All living organisms contain DNA, providing the instructions for all of the varied activities its cells need to carry out. The totality of an organisms DNA is called a genome and distinct regions within this, called genes, encode all of the cells’ molecular machinery. When the first genome was sequenced scientists relied on manual annotation of these gene regions, but as the genomic revolution of the mid 2000’s unfolded, the rate of genome sequencing dramatically increased and the development of effective automated annotation took precedence.
Modern techniques are now able to identify where the genes reside with high accuracy, but finding the exact boundaries of those regions remains a challenging problem. In particular, the starting point of genes are especially difficult to accurately identify.

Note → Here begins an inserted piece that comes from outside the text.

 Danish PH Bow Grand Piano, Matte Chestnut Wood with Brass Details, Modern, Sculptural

This is important because a gene’s genomic sequence determines its function and the start often contains important regulatory instructions detailing e.g. localization of the final product. While researchers can manually identify these boundaries using experimental approaches, the laborious and costly nature of these experiments mean that in practice, this can only be performed for a handful of the many tens of thousands of genomes that have now been sequenced.

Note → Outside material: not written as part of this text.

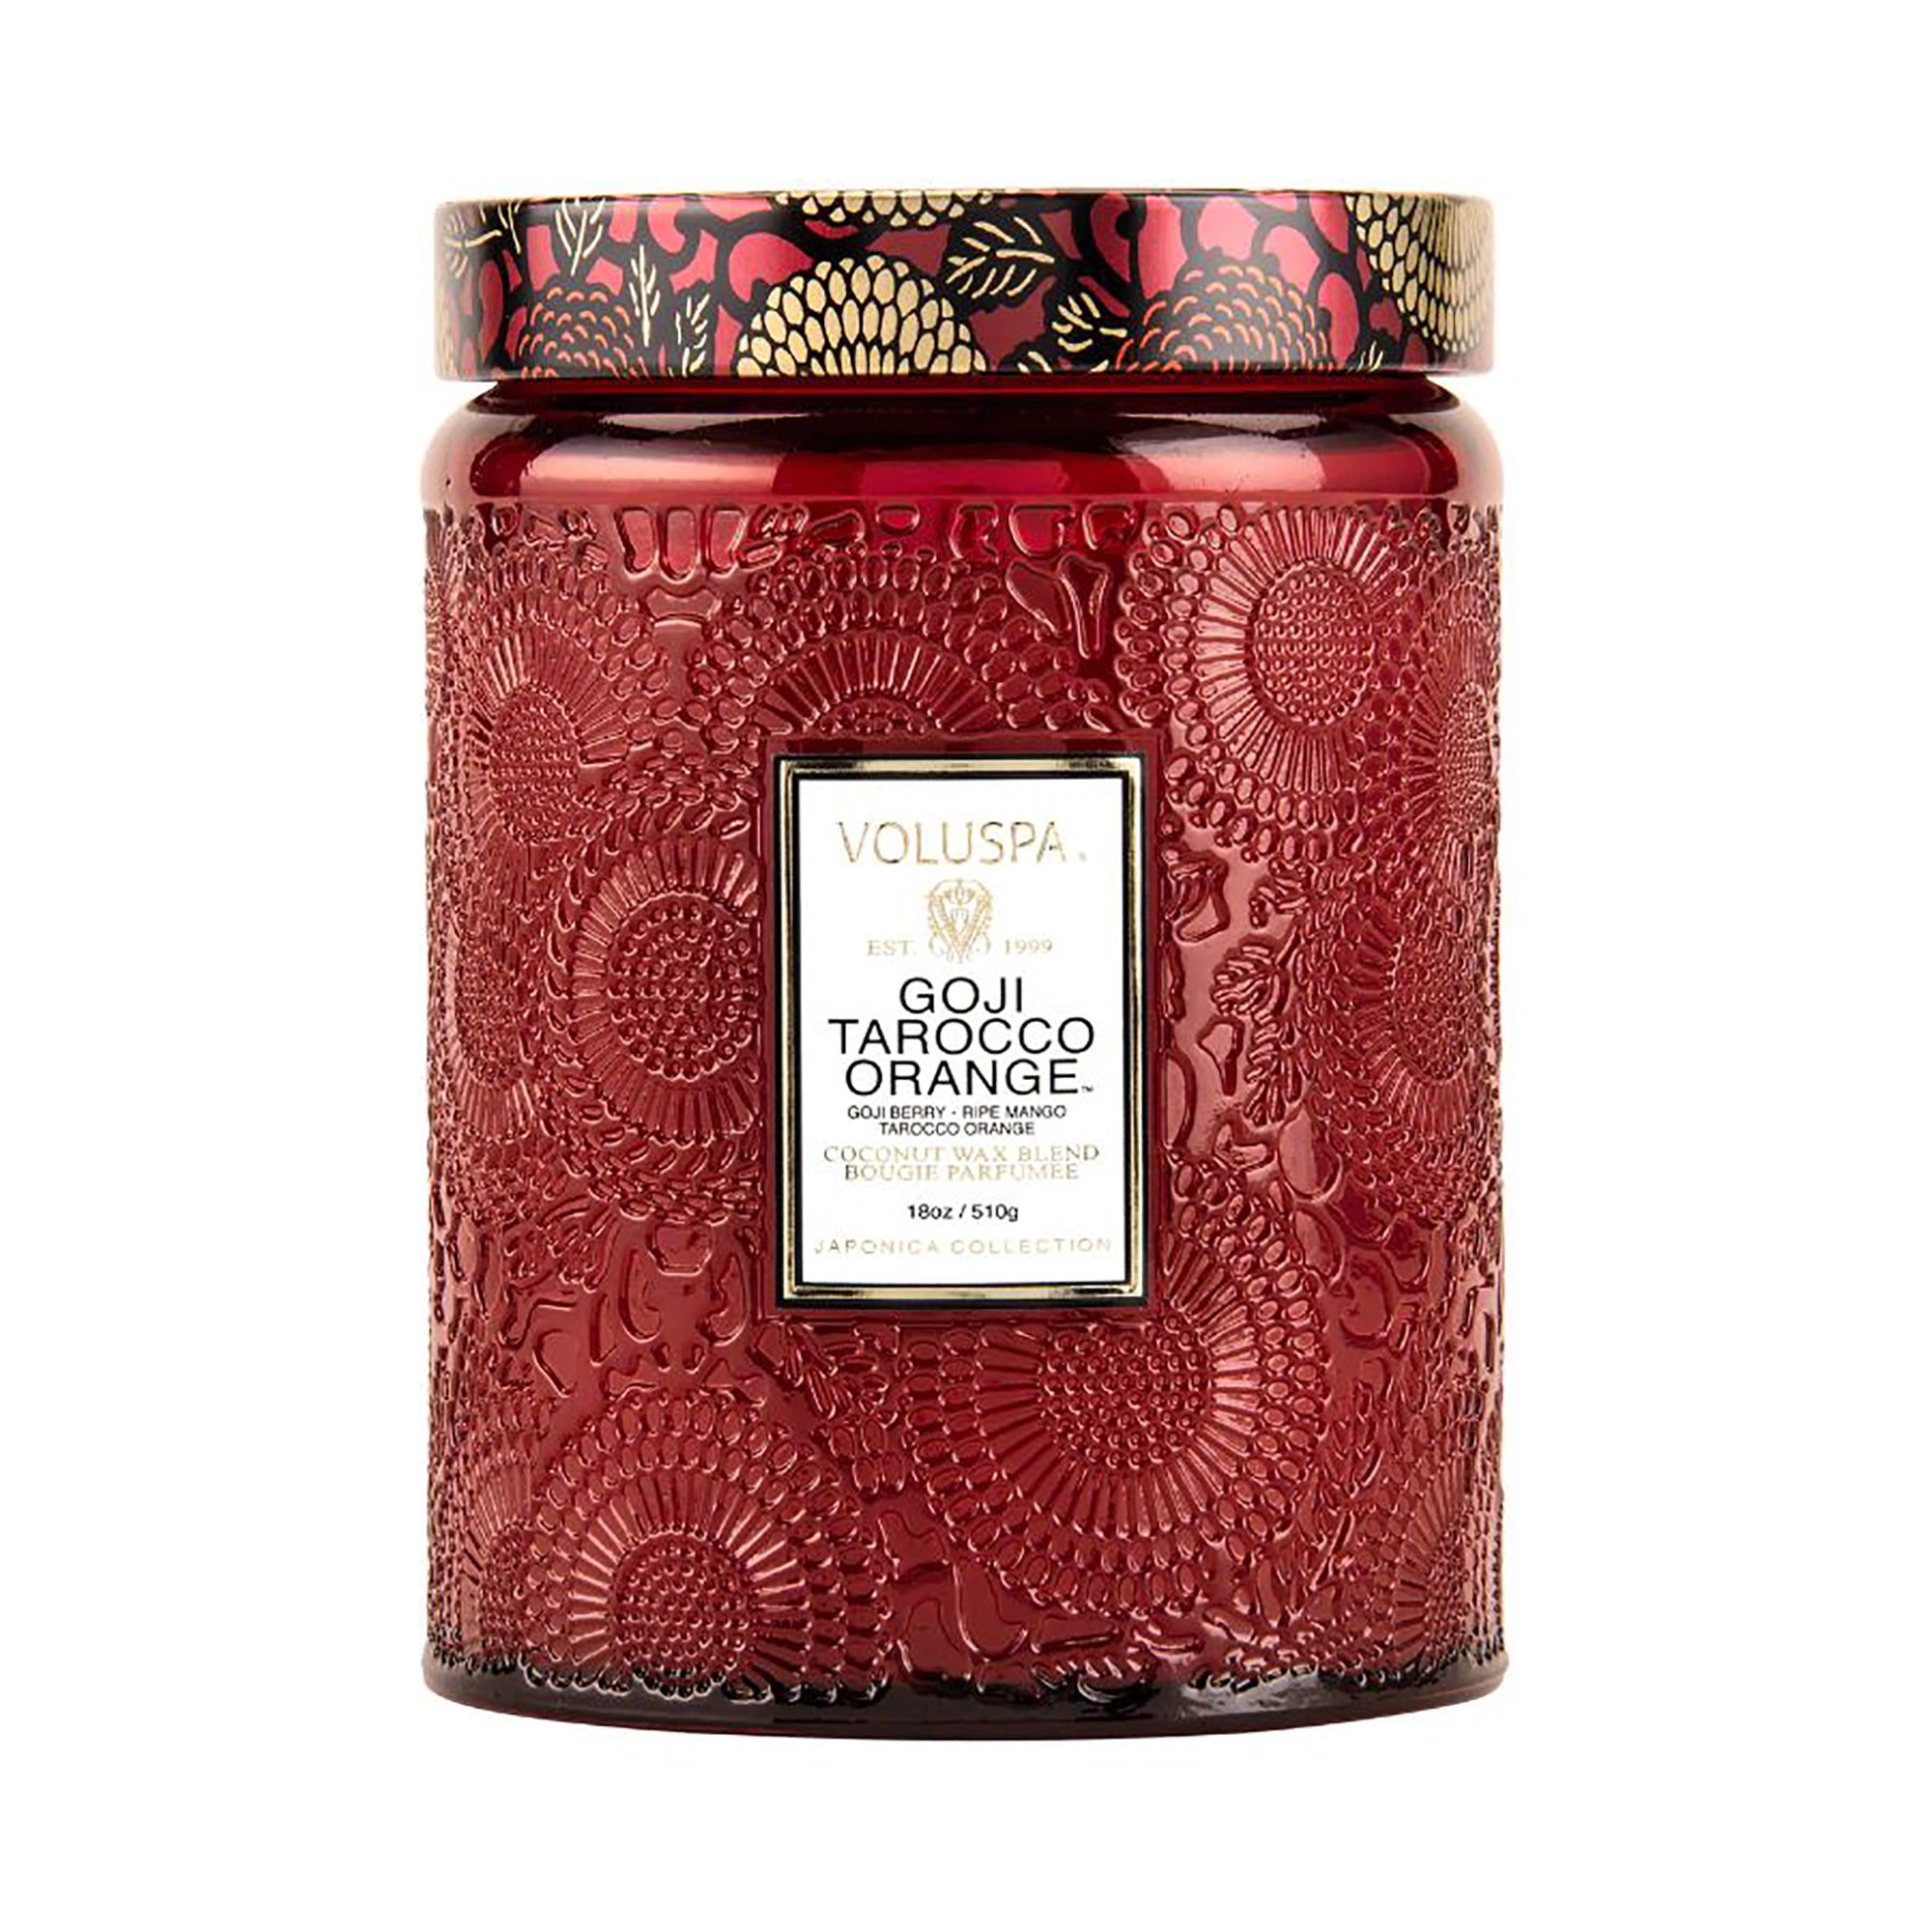 Voluspa Japonica Large Jar Candle 18oz / GOJI TAROCCO

In order to bridge this widening gap Adam Giess and Eivind Valen from the CBU developed a powerful machine learning approach to predict the exact boundaries of genes. This approach leverages data from a method known as ribo-seq, which captures the molecular machinery in the act of decoding genes. While working with bacterial ribo-seq datasets Adam and Eivind noticed that a distinct pattern occurs when a the machinery interacts with the start of a gene. They then went on to demonstrate how this pattern can be used, in a generalizable method, to accurately annotate gene boundaries in two well known, highly studied bacterial species.
In this way they established a methodology that is able to fix the erroneous gene boundary assignments in existing genomes, and provide highly accurate gene predictions in the ever growing list of newly sequences genomes. Clearing an avenue for the study of a wide range of organisms at previously unprecedented levels of detail.